We are, along with all wine connoisseurs with whom we shared the news, very skeptical of the whole idea of immediate aging. However, Tanaka is not alone in experimenting with instant wine ageing. He sustains that the method used by his lab is the most advanced and the key part of the machinery that accomplishes the process has been patented.
Tanaka said that Innovative Design and Technology Inc. is in talks with California and Washington state wineries to provide young wine to treat and sell to its US affiliate, BW2 Holdings. BW2 plans to sell such wines on the Internet later this year at US$5 (check out up-to-date value in other currencies.)
So far however, not many producers are willing to take the plunge. Tanaka and his company have contacted various Japanese wine producers, sake rice wine and 'shochu' (sweet potato spirit) distillers, but so far only a small shochu maker in southern Japan has agreed to get involved.
As expected, in Europe the idea of electrolyzed wine makes producers, experts and wine consumers alike cringe. In the Old World vitiniculture is part of civilization itself.
Tanaka declared that during the natural wine maturation process the taste is enhanced by the mixture of alcohol with water molecule clusters. He claimed that the electrolysis treatment breaks up water clusters in the wine, allowing the water to blend instantaneously and thoroughly with the alcohol.
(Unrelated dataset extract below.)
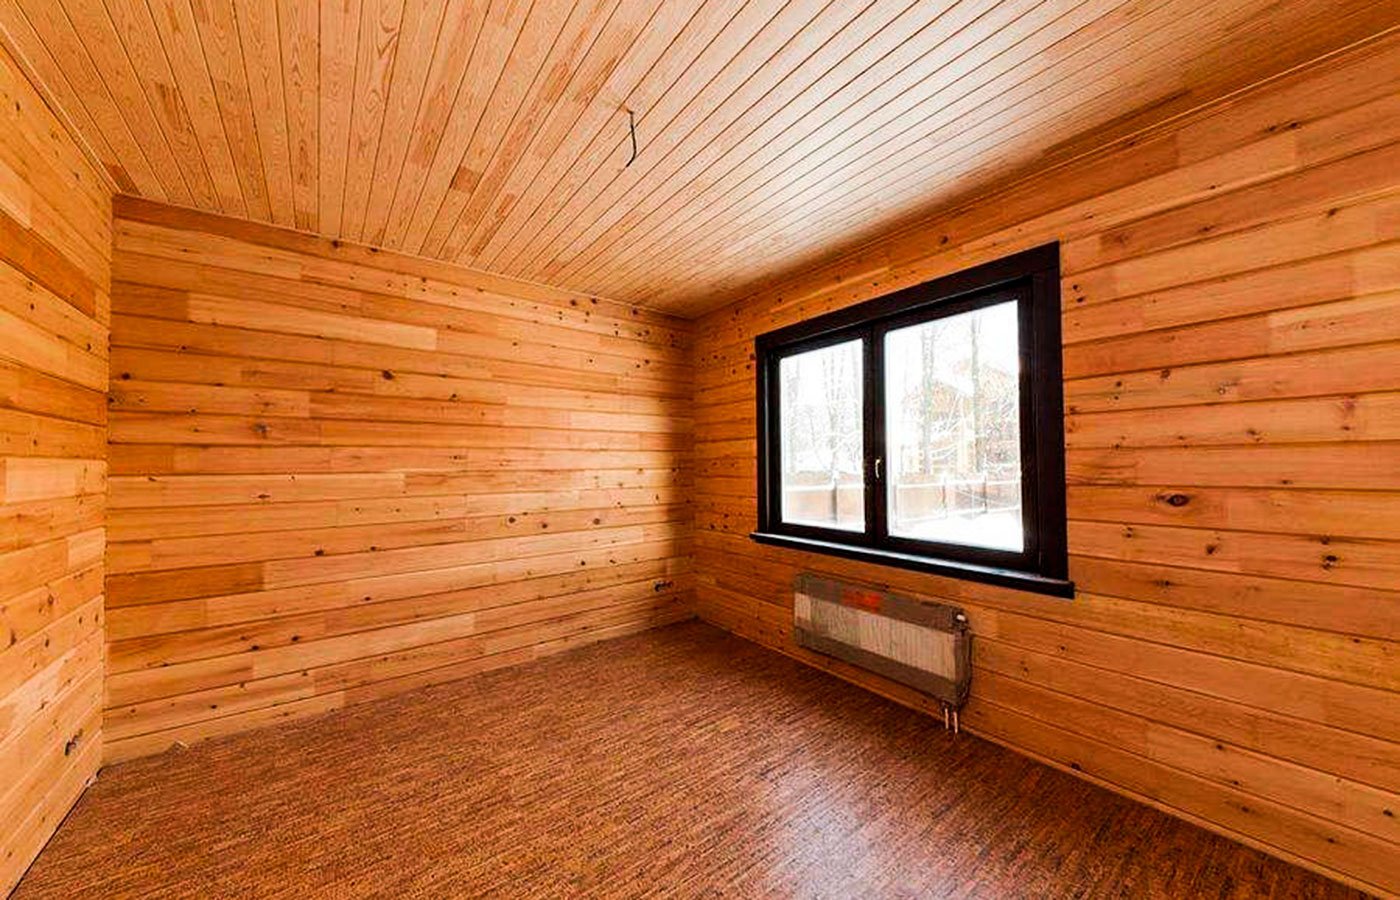 Внутренняя отделка дачного дома: чем обшить стены, пол, потолок- плюсы и минусы + фото и видео

According to Akihiro Hishima, a member of Innovative Design and Technology Inc. development team, in addition to shortcut production time, electrolyzed wine is healthier than that aged in the traditional way, because it doesn't oxidize easily and requires no artificial anti-oxidizing agents.
As wine consumption in the US is on the rise, having passed beer consumption for the first time ever in 2005, the company's approach to the US market appears to be the smart choice. According to a study by the British-based International Wine and Spirits Record, the US will become the world's top consumer of wine as early as 2008. If we add to this the widespread relative lack of wine education in the United States, the lower price may win over part of the less knowledgeable consumers.
"I know we'll face a lot of resistance from within the wine industry – we already have," said Tanaka recollecting when, in 2002 the company took a prototype of the machine to an Italian wine producer whom he declined to name. "We were told to leave the room, leave the country and never come back."